Note the wording in bold in your website quote.

Note the part in italics from BillyBean.

I would interpret your part in bold to mean that we won't charge you, but if it gets caught while being imported, you will pay. The seller, DigitalRev, no longer guarantees that the parcel will make it through customs duty/tax free. Their "import handling fee" must be an internal item to pay for filling out the form.

$.02


----------



## Razor2012 (Apr 11, 2012)

Good thread Tom. I'm in the same dilema. I also use a 40D and was going to upgrade to the 5DII, but hesitated because of the AF. Now that the 5DIII is out, it almost seemed a no-brainer until I seen some used 1DsIII's at a good price. There's something about a 1 series, but since I want video also, I'm leaning towards the 5DIII. Hmmm, I could still live with a MKII and spend the extra on glass.


----------



## briansquibb (Apr 11, 2012)

Razor2012 said:


> Good thread Tom. I'm in the same dilema. I also use a 40D and was going to upgrade to the 5DII, but hesitated because of the AF. Now that the 5DIII is out, it almost seemed a no-brainer until I seen some used 1DsIII's at a good price. There's something about a 1 series, but since I want video also, I'm leaning towards the 5DIII. Hmmm, I could still live with a MKII and spend the extra on glass.

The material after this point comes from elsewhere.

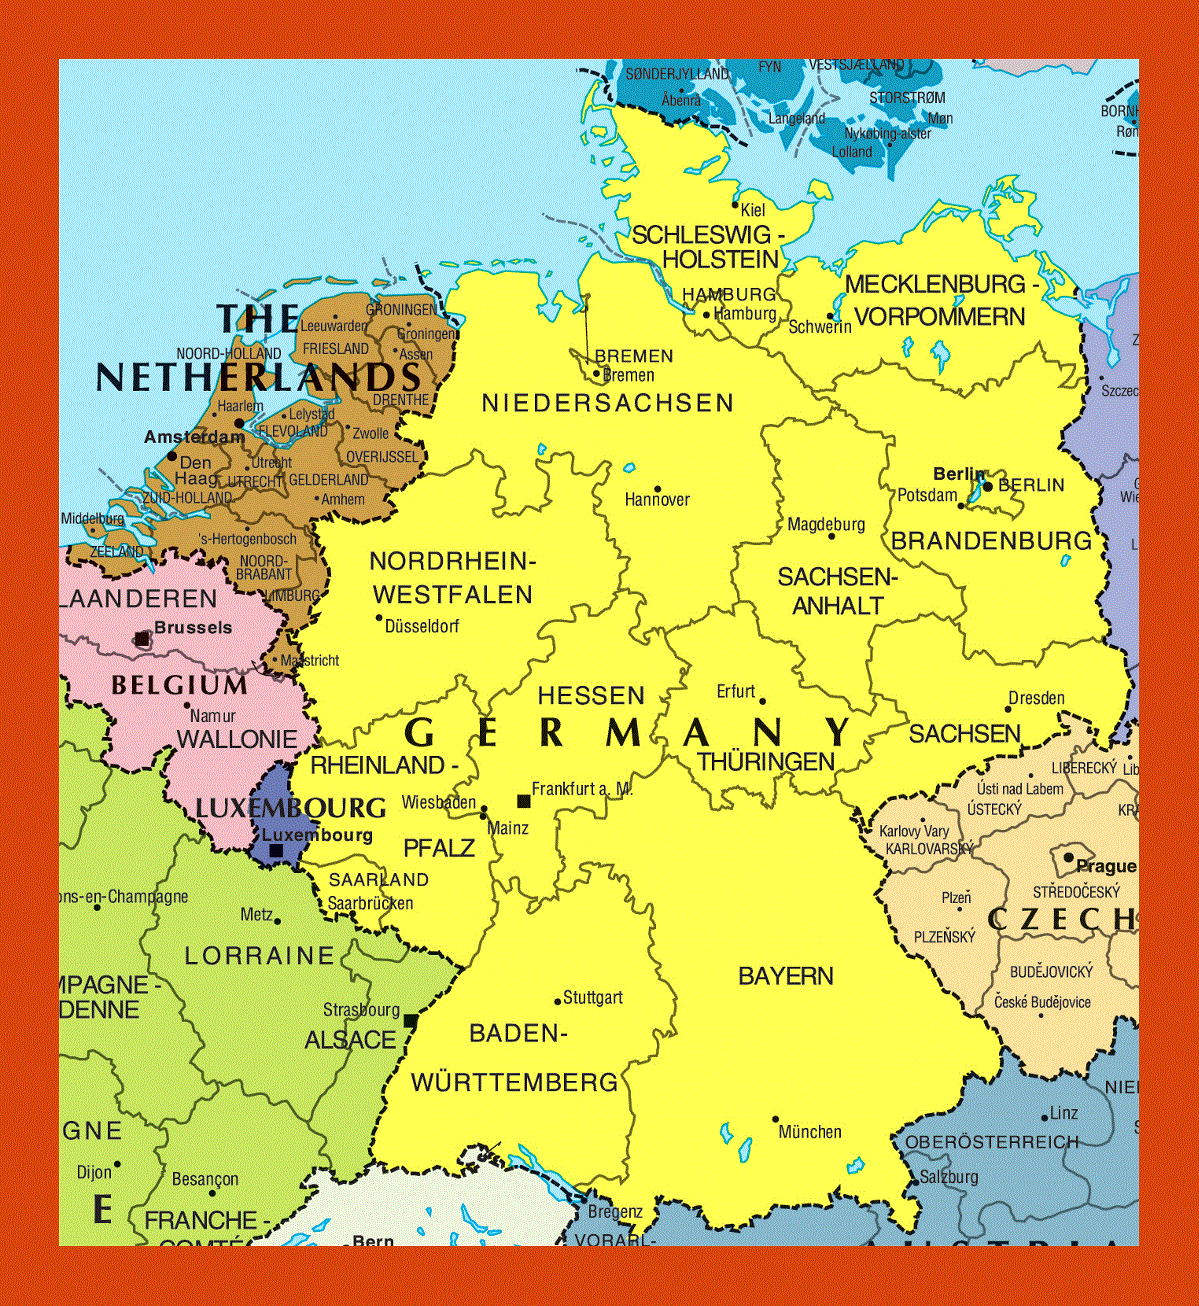 Political and administrative map of Germany and Netherlands

I would choose between the 5DIII and the 1Ds3. The 1Ds3 blows away the 5dII particularly with the AF which is up to pro level sports (think 1D3).

The 40D and the 1Ds3 is the same technology except of course the 1Ds3 gives a much superior IQ.

The 5DIII and the 1DS3 give about the same IQ and about the same mps

Personally I would, now, get the 5DIII unless you had a need for the series 1 features. Both bodies are very good and you will get excellent pictures from both.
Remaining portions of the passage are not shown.